Mais, même si cette « restauration » se produisait, il y a fort à parier que les crises se multiplieront à l’avenir, qu’elles soient épidémiques comme l’actuelle, écologiques, ou dues à des mouvements sociaux incontrôlables. Si bien qu’à terme, ce système néolibéral au service de la puissance financière, finira par s’écrouler et s’achèvera en violences qui obligeront ceux qui resteront à reconstruire la vie sociale sur un champ de ruines.
Notre source vitale
Pour en finir, le plus important est sans doute de souligner la nécessité de donner droit à la force de l’inspiration. Celle-ci se manifeste dans le silence du recueillement, du retrait et permet de laisser mûrir des scénarios variés à partir d’une source vitale très profonde qui, en l’être humain se cache toujours sans que jamais on puisse en douter. Cela vaudra en tout domaine et ce sera probablement le point d’attention le plus important en vue de notre développement.

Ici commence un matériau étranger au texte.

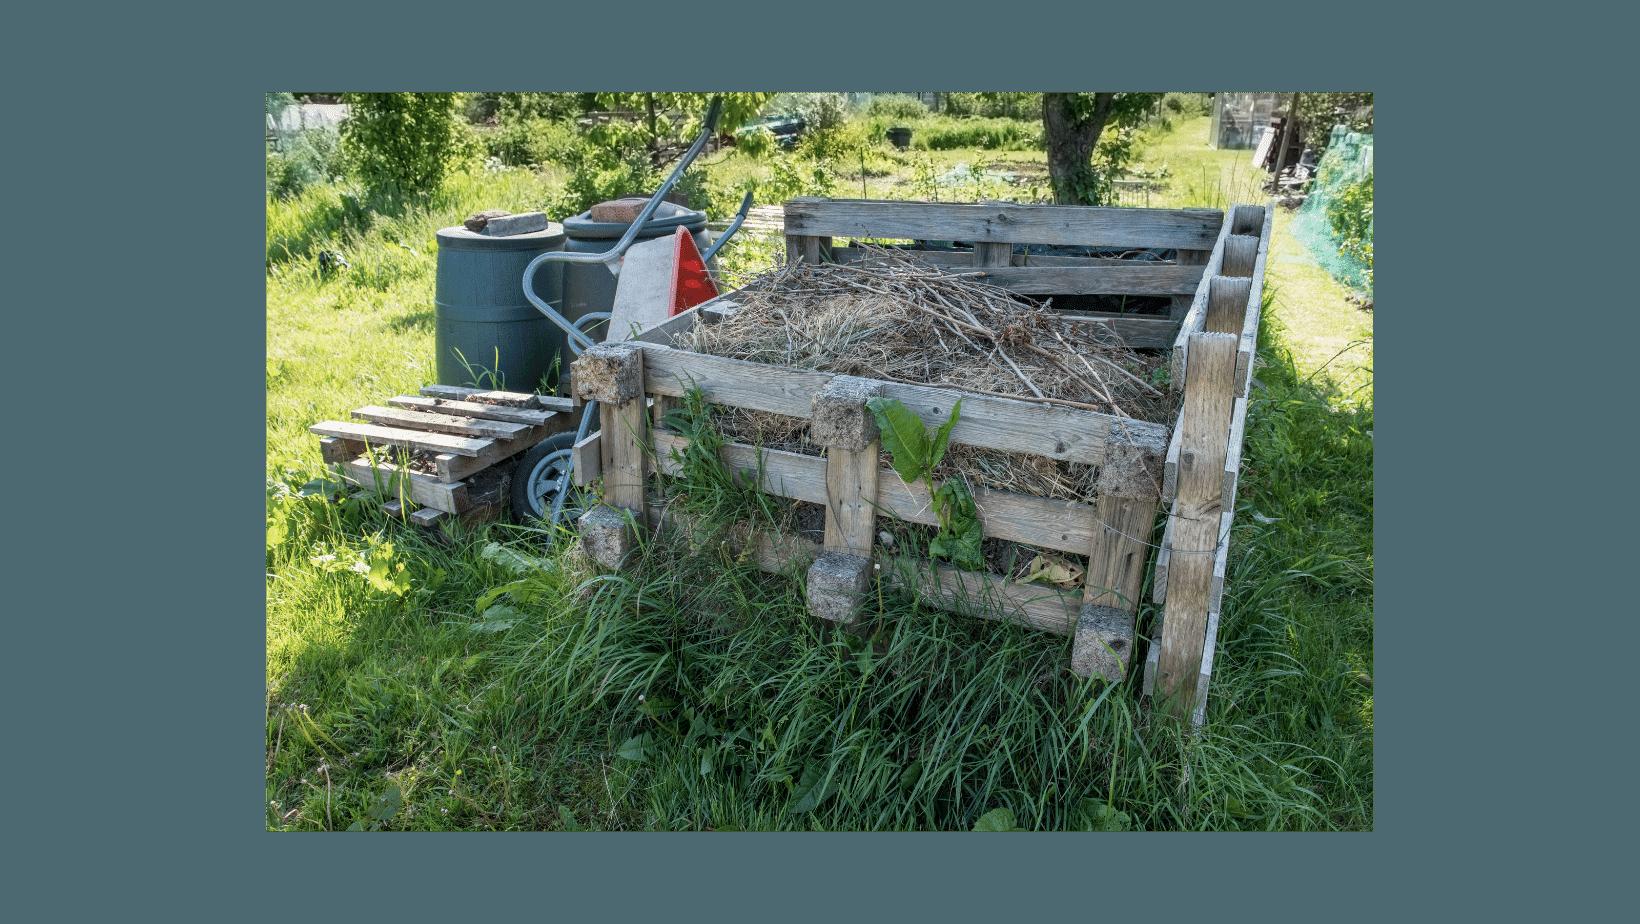 Votre bac à compost est prêt. Un engrais naturel vous attend bientôt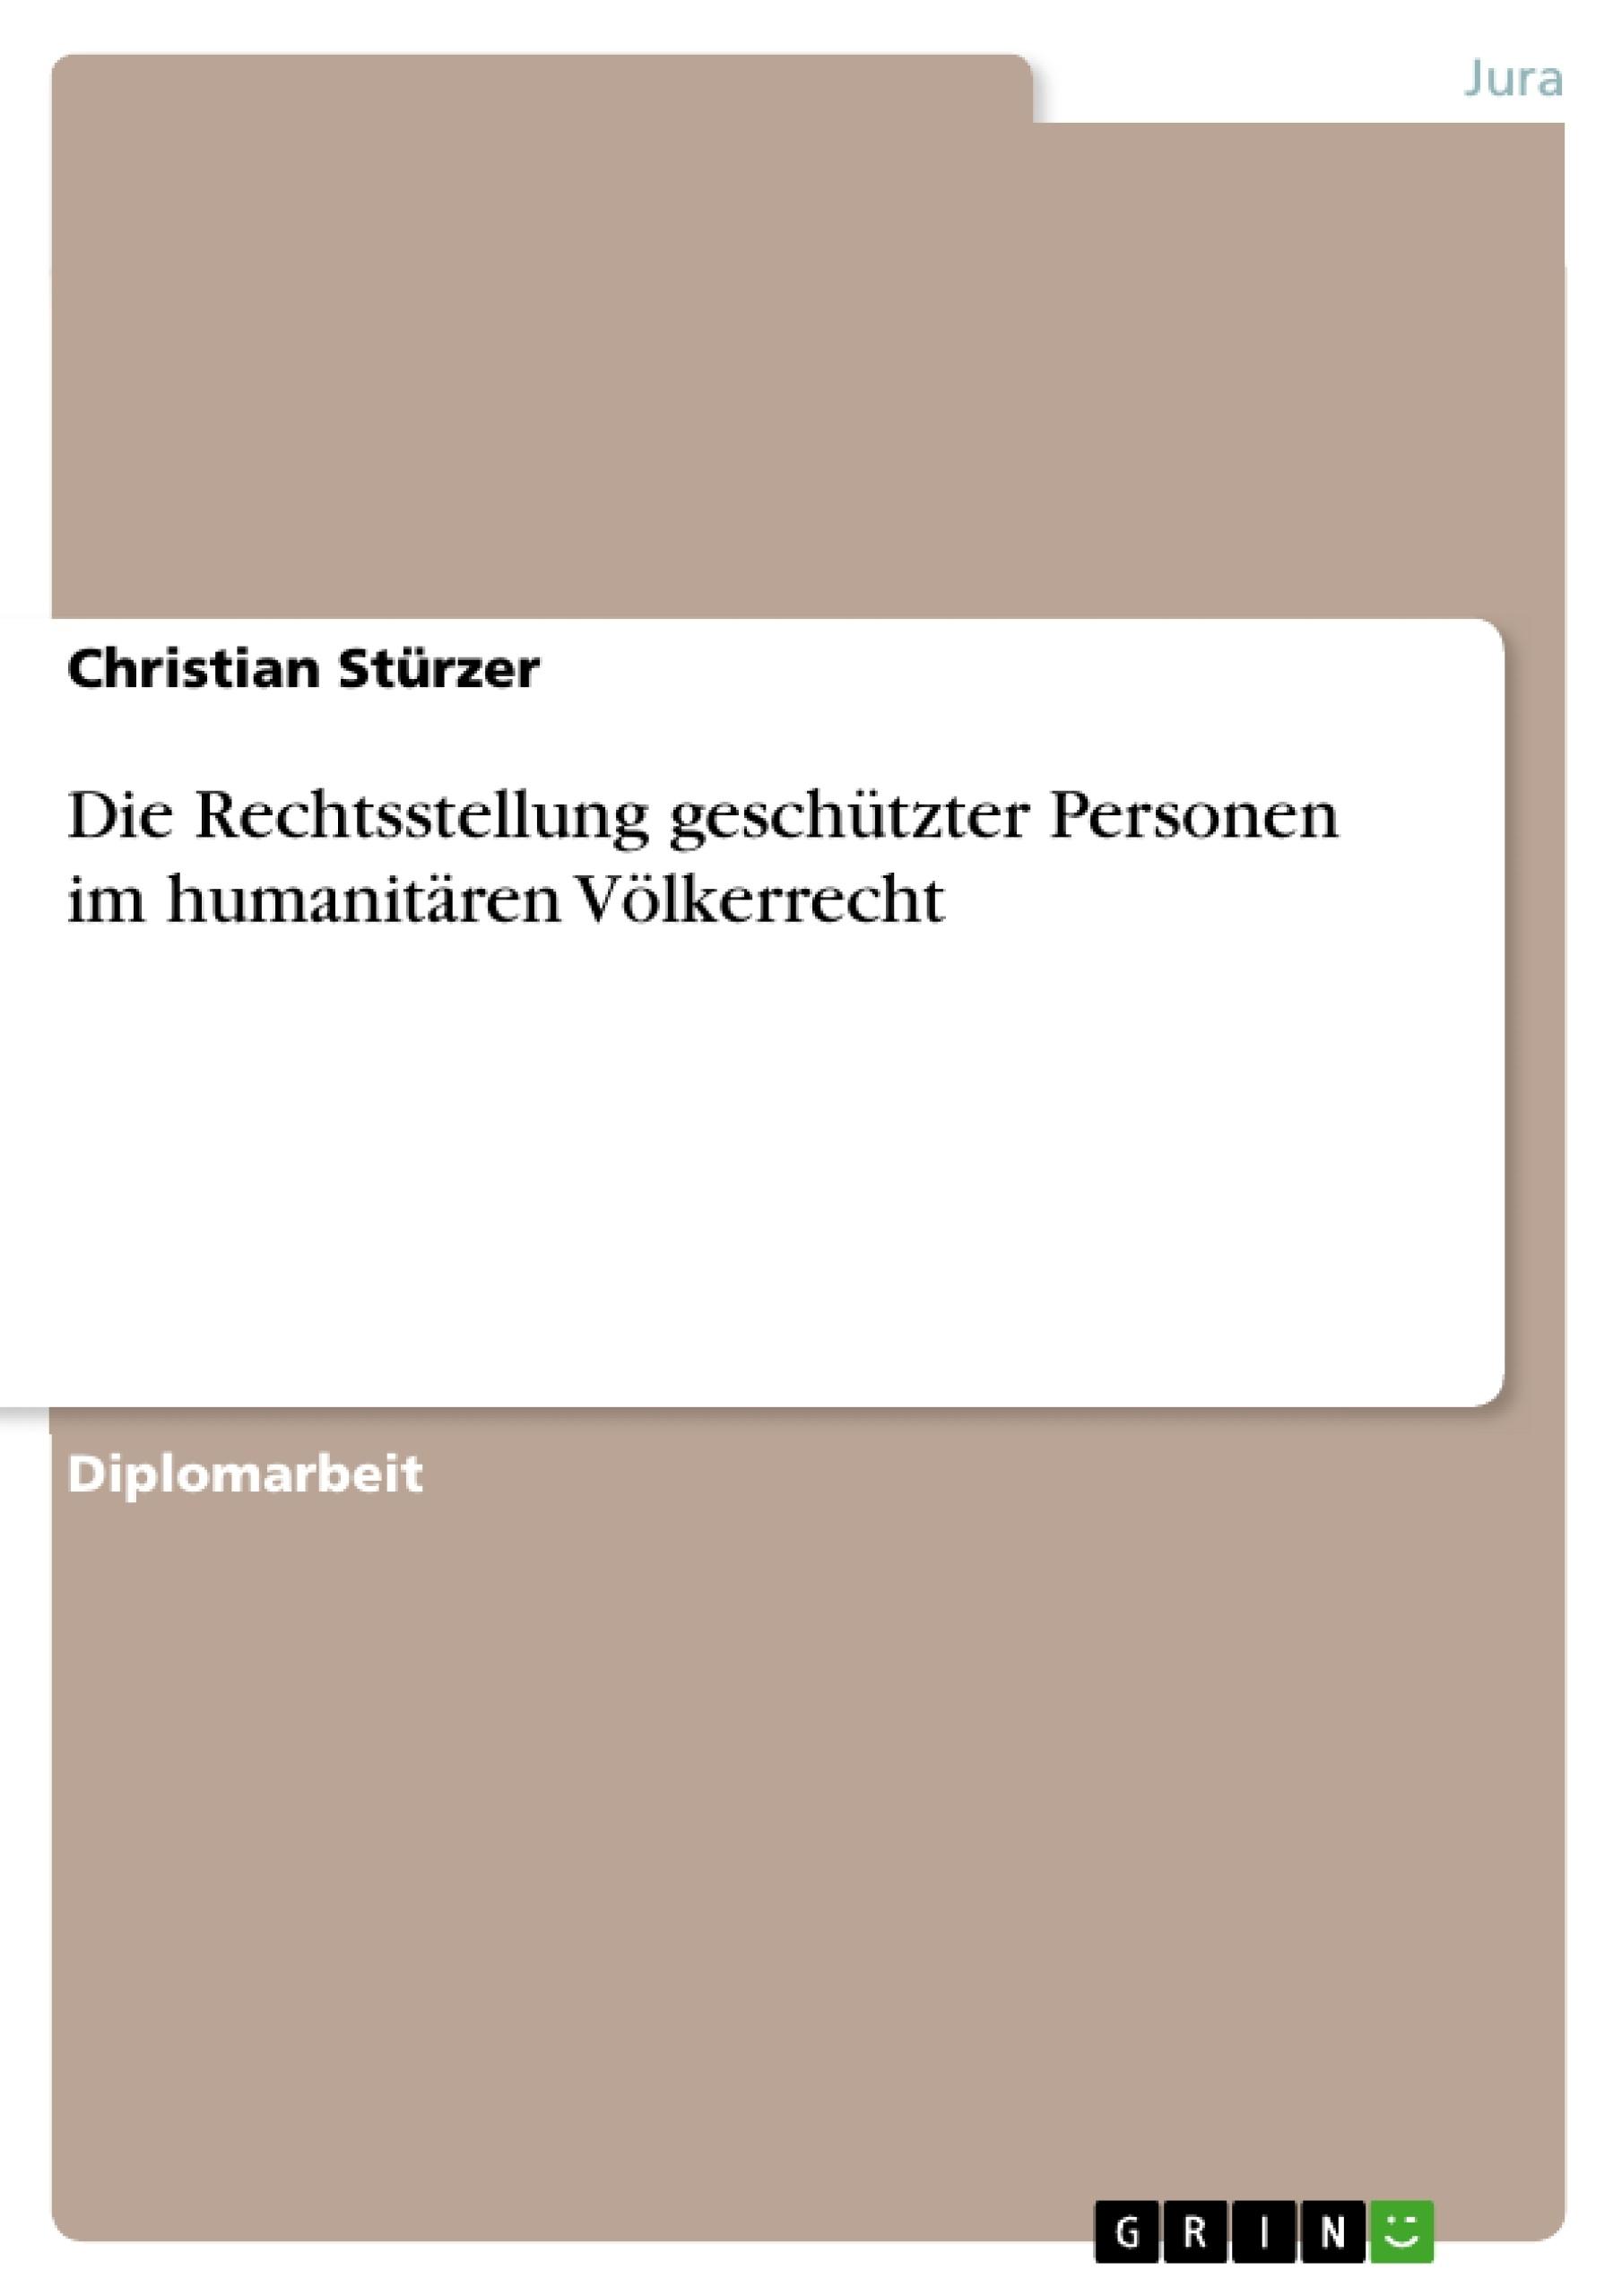 Titel: Die Rechtsstellung geschützter Personen im humanitären Völkerrecht

Les religions seront également touchées par ce changement de monde.
On peut espérer qu’elles comprendront que leur principale préoccupation devrait justement résider dans le fait d’encourager cet élan vital qui demande à être nourri et partagé. Comme chrétien, j’aspire à ce que cette foi soit la clé de lecture de la proposition du Christ. Pour moi, le Christ est la personne qui a vécu le plus divinement la disponibilité à cette source vitale. Il dit en venir, il la partage comme un amour inconditionnel et il lui rend tout comme un accomplissement de son existence. En donnant accès à cette source à tous ceux qui le veulent, il les appelle à former une famille de frères et de sœurs signe d’une unité possible. C’est dans cet esprit de fraternité que seront vaincus les obstacles que nous allons rencontrer dès aujourd’hui.
Ne nous confions pas à nous-mêmes seulement, n’adorons aucune idole fut-ce celle de la science, de l’argent ou du pouvoir, et accueillons l’inspiration qui nous vient de plus loin que nous. Tel est notre avenir à tous.
Frère Jean-Pierre Longeat de Abbaye de Ligugé.